We also extract basemap of African simple feature from spData package and crop to the area of interest with st_crop function from sf package (Pebesma 2018).

wio = spData::world %>% 
  filter(continent == "Africa") %>% 
  st_crop(xmin = 32.5,xmax = 53,ymin = -26,ymax = 6)

We then color code for visualization

mycolor2 = c("#040ED8", "#2050FF", "#4196FF", "#6DC1FF", "#86D9FF", "#9CEEFF", "#AFF5FF", "#CEFFFF", "#FFFE47", "#FFEB00", "#FFC400", "#FF9000", "#FF4800", "#FF0000", "#D50000", "#9E0000")
mycolor = c("#7f007f", "#0000ff",  "#007fff", "#00ffff", "#00bf00", "#7fdf00",
"#ffff00", "#ff7f00", "#ff3f00", "#ff0000", "#bf0000")
odv_color = c("#feb483", "#d31f2a", "#ffc000", "#27ab19", "#0db5e6", "#7139fe", "#d16cfa") %>% rev()
pal = wesanderson::wes_palette("Zissou1", 21, type = "continuous")
mycolor3 = c("#9000B0", "#C900B0", "#C760AF",                    "#1190F9", "#60C8F8", "#90C9F8", "#F8F8F8", "#F8F800",  "#F8D730", "#f8b030", "#f8602f", "#f80000")

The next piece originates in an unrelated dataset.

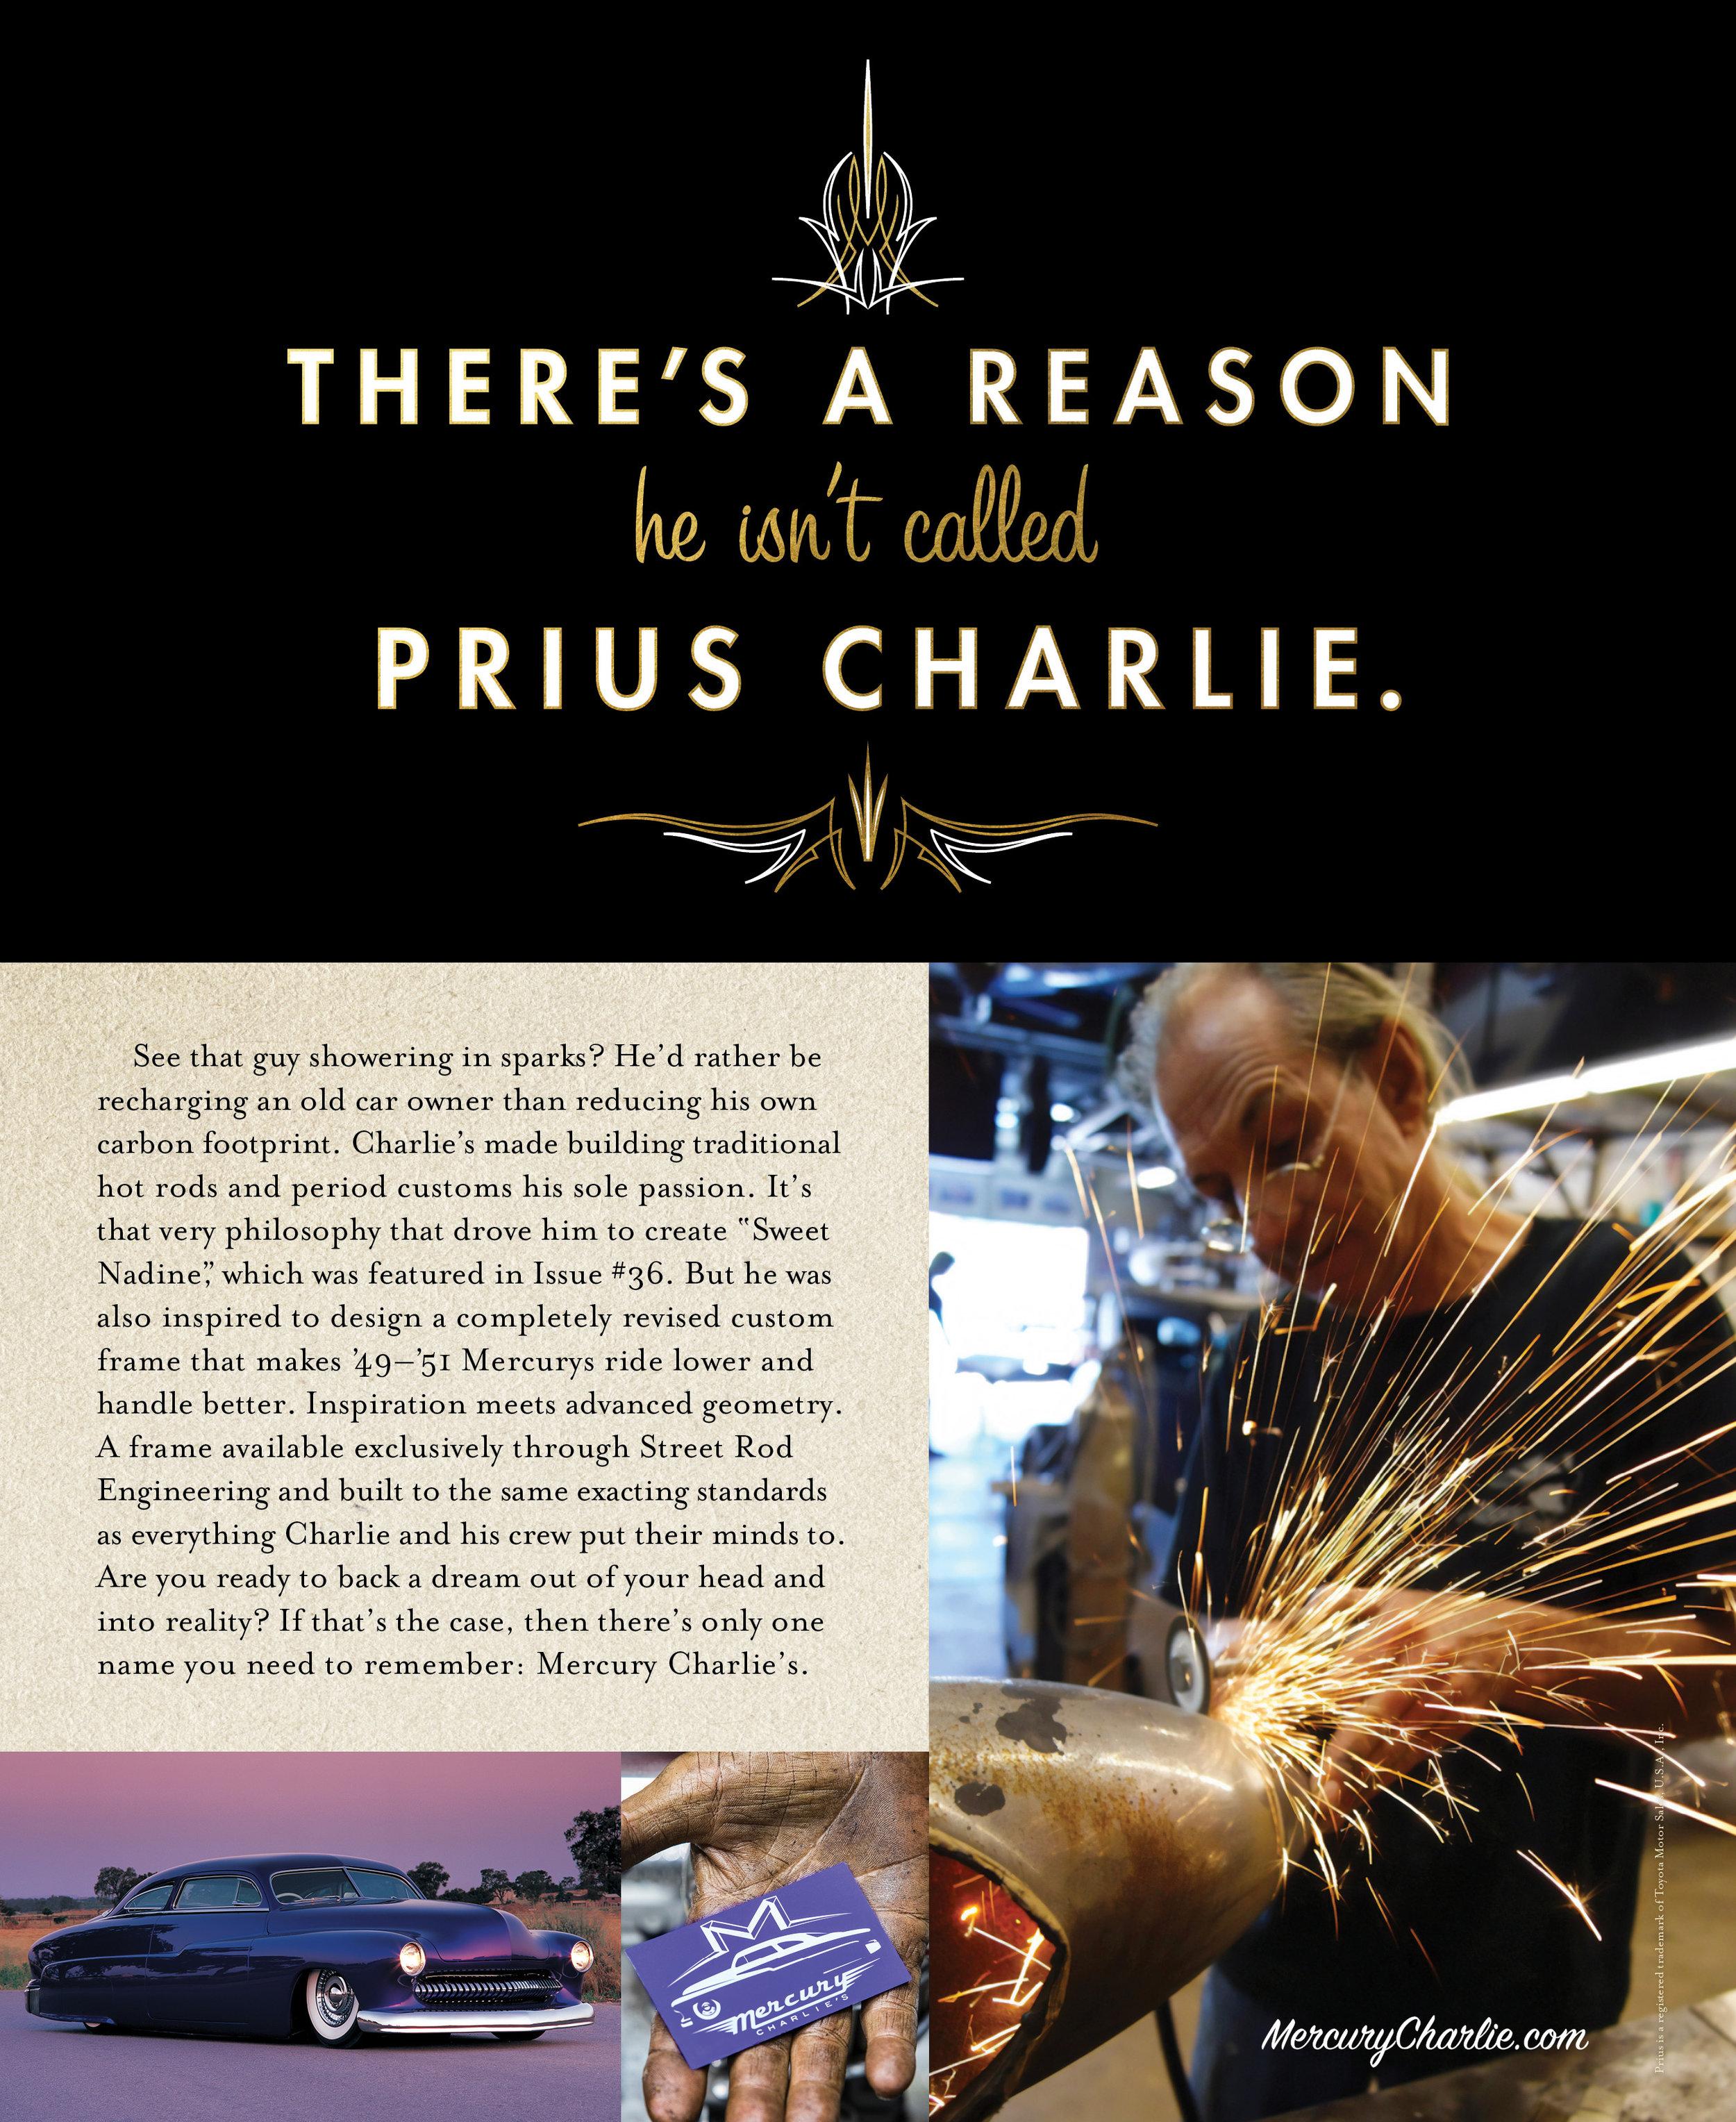 Mercury Charlie_Prius Charlie 1pg Final.jpg

We then combine the power of grammar of graphic (ggplot2) (Wickham 2016) and sister package metR (Campitelli 2019) to plot wind speed as filled contour and overlay velocity components zonal and meridional as vector layer as the code below shows.

aug = wind.series[[12]] %>% as_tibble() %>% 
  ggplot(aes(x = lon, y = lat))+
  metR::geom_contour_fill(aes(z = speed))+
  # metR::geom_contour2(aes(z = speed), breaks = seq(4,20,4))+
  metR::geom_vector(aes(dx = ugrd10m, dy = vgrd10m), skip = 1, show.legend = FALSE, 
                    preserve.dir = TRUE, arrow.type = "open", arrow.angle = 20)+
  scale_fill_gradientn(colours = mycolor3, 
                       limits = c(0,15), 
                       breaks = scales::breaks_pretty(n = 10),
                       guide = guide_colorbar(title = "Speed(m/s)", 
                                              barwidth = unit(.4,"cm"), 
                                              barheight = unit(6,"cm")))+
  ggspatial::layer_spatial(data = wio)+
  coord_sf(xlim = c(34,55), ylim = c(-23,4))+
  metR::scale_mag(max = 15)+
  theme_bw()+
  theme(axis.title = element_blank(), legend.position = "none")+
  labs(subtitle = wind.series[[12]]$time %>% unique())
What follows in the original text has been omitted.